WLAN architectures (BSSID and SSID)
 A service set identification (SSID) is a 32-character (maximum) alphanumeric key identifying
the name of the wireless local area network. The SSID value is sent in beacons, probe requests,
probe responses, and other types of frames.
 The SSID, or service set identifier, is used to indicate the identity of an ESS or IBSS, depending
on the implemented topology.
 The SSID can be from 2 to 32 characters in length and is normally sent in the beacon frames.
 A STA seeking to join a WLAN may send probe request frames including the SSID of the
desired WLAN. If an AP “hears” the probe request frame and it uses the same SSID, it will
respond with a probe response frame.
 The STA that transmitted the original probe request frame may now authenticate and, if
successful, associate with the BSS.
 The BSSID is a 48-bit globally unique identifier that is used to identify each service set (BSS).
 It is MAC address of the AP serving the BSS.
WLAN architectures
 A distribution system (DS) is the mechanism by which APs exchange frames with one another
and with wired networks, if any.
 The DS is composed of two parts: the Distribution System Medium and the Distribution System

Services.

 The Distribution System Medium (DSM) is the medium or set of media used for communications
among APs in the ESS. The most popular medium in use today is certainly Ethernet, but the IEEE
standard allows for the use of other media such as Token Ring or even another form of wireless.

 The Distribution System Services (DSS) are composed of the services that provide the delivery of
frame payloads between stations that are in communication with each other over a shared
instance of WM and in the same infrastructure BSS.
WLAN architectures
 Two modes of BSSs- the IBSS (Ad hoc network) & Infrastructure mode

 When all of the stations in the BSS are mobile stations and there is no connection to a wired
network, the BSS is called an independent BSS (IBSS).
 An IBSS is an ad hoc network that contains no access points, which means they cannot connect
to any other basic service set.

 Infrastructure Mode
When a wireless AP station is used, an infrastructure BSS (simply called a BSS) is
implemented.
 ESS
 Two or more basic service sets are connected by a common distribution system.
Independent and Infrastructure basic service sets
Roaming
 Roaming is the process or ability of a wireless client to move seamlessly from one cell (or
BSS) to another without losing network connectivity. Access points hand the client off from
one to another in a way that is invisible to the client, ensuring unbroken connectivity.

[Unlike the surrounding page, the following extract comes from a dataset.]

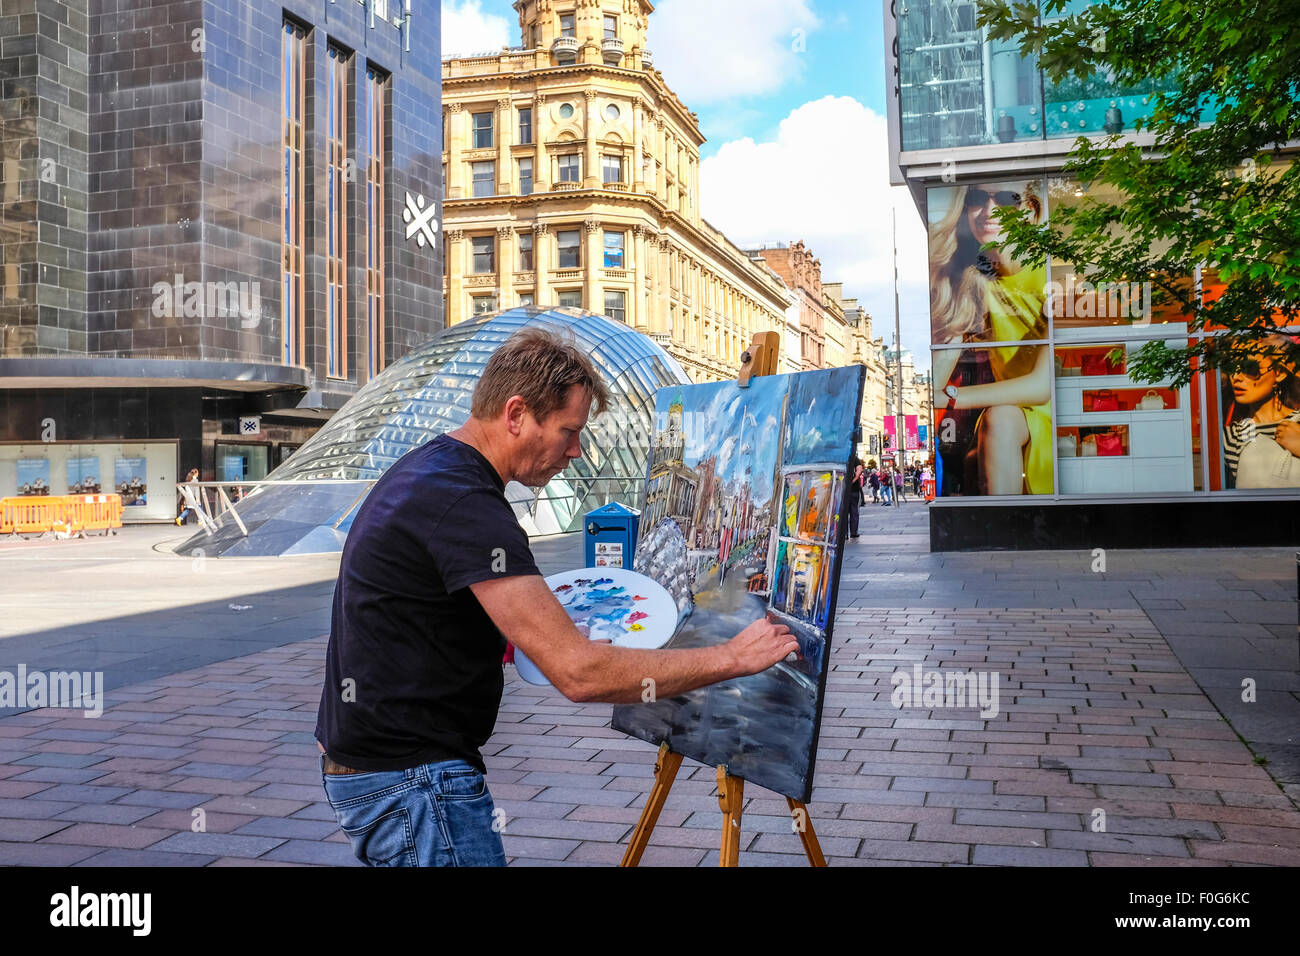 Glasgow, Scotland, UK. 15th Aug, 2015. Almost 150 artists came to Glasgow to take part in the "Rapid Painter" art competition with the aim being to make a painting capturing the spirit of Glasgow city, completed in 1 day. The artists attracted a lot of curiosity and interest from tourists and locals, when they set up in various locations about the city. All the completed works will go on exhibition on Sunday 16 August at the Royal Concert Hall, Sauchiehall Street, Glasgow when many of the paintings will be for sale. Credit:  Findlay/Alamy Live News Stock Photo

 When any area in the building is within reception range of more than one access point, the
cells’ coverage overlaps.
 Overlapping coverage areas are an important attribute of the wireless LAN setup, because it
enables seamless roaming between overlapping cells.

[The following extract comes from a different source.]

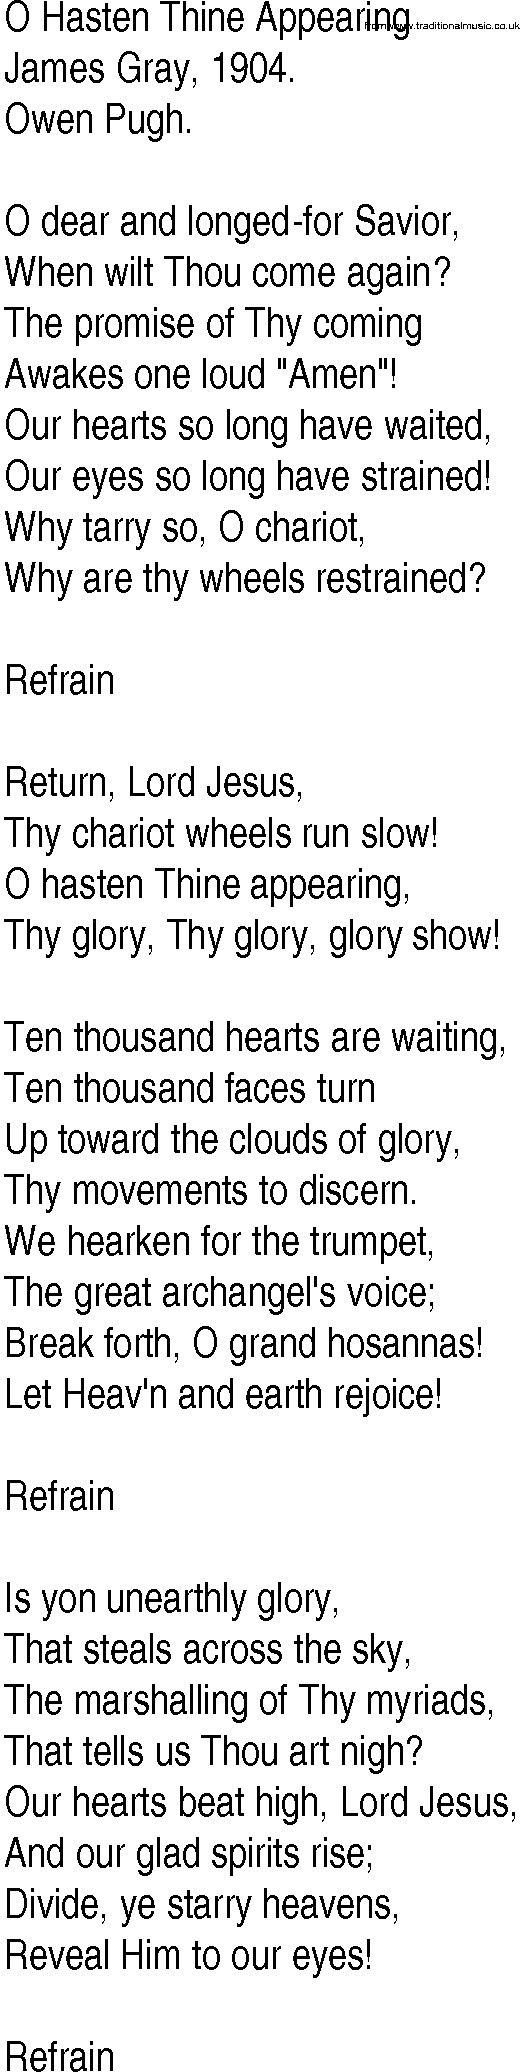 Hymn and Gospel Song: O Hasten Thine Appearing by James Gray lyrics

 Roaming allows mobile users with portable stations to move freely between overlapping
cells, constantly maintaining their network connection.
Boundaries
 A constraint of existing technology is that wired networks are often segmented for
manageability. Enterprises with multiple buildings, such as hospitals or large businesses, often
implement a LAN in each building and then connect these LANs with routers or switch-routers.
 This layer 3 segmentation has two major advantages.
 First, it contains broadcasts effectively, and second it allows access control between segments on
the network.
 This type of segmentation can also be done at layer 2 using VLANs on switches.
 The layer 2 connection is still maintained by the access points, but since the IP subnet has
changed while roaming, the connection to servers, will be broken.
 Without subnet-roaming capability (such as with using a Mobile IP solution or using DHCP),
wireless LAN access points must all be connected to a single subnet.
 (e.g., multi-building campuses, multi-floored high rises, or older or historical buildings) cannot
embrace a single subnet solution as a practical option.
Boundaries…
 Access points can't hand off a session when a remote device moves across router
boundaries because crossing routers changes the client device's IP address.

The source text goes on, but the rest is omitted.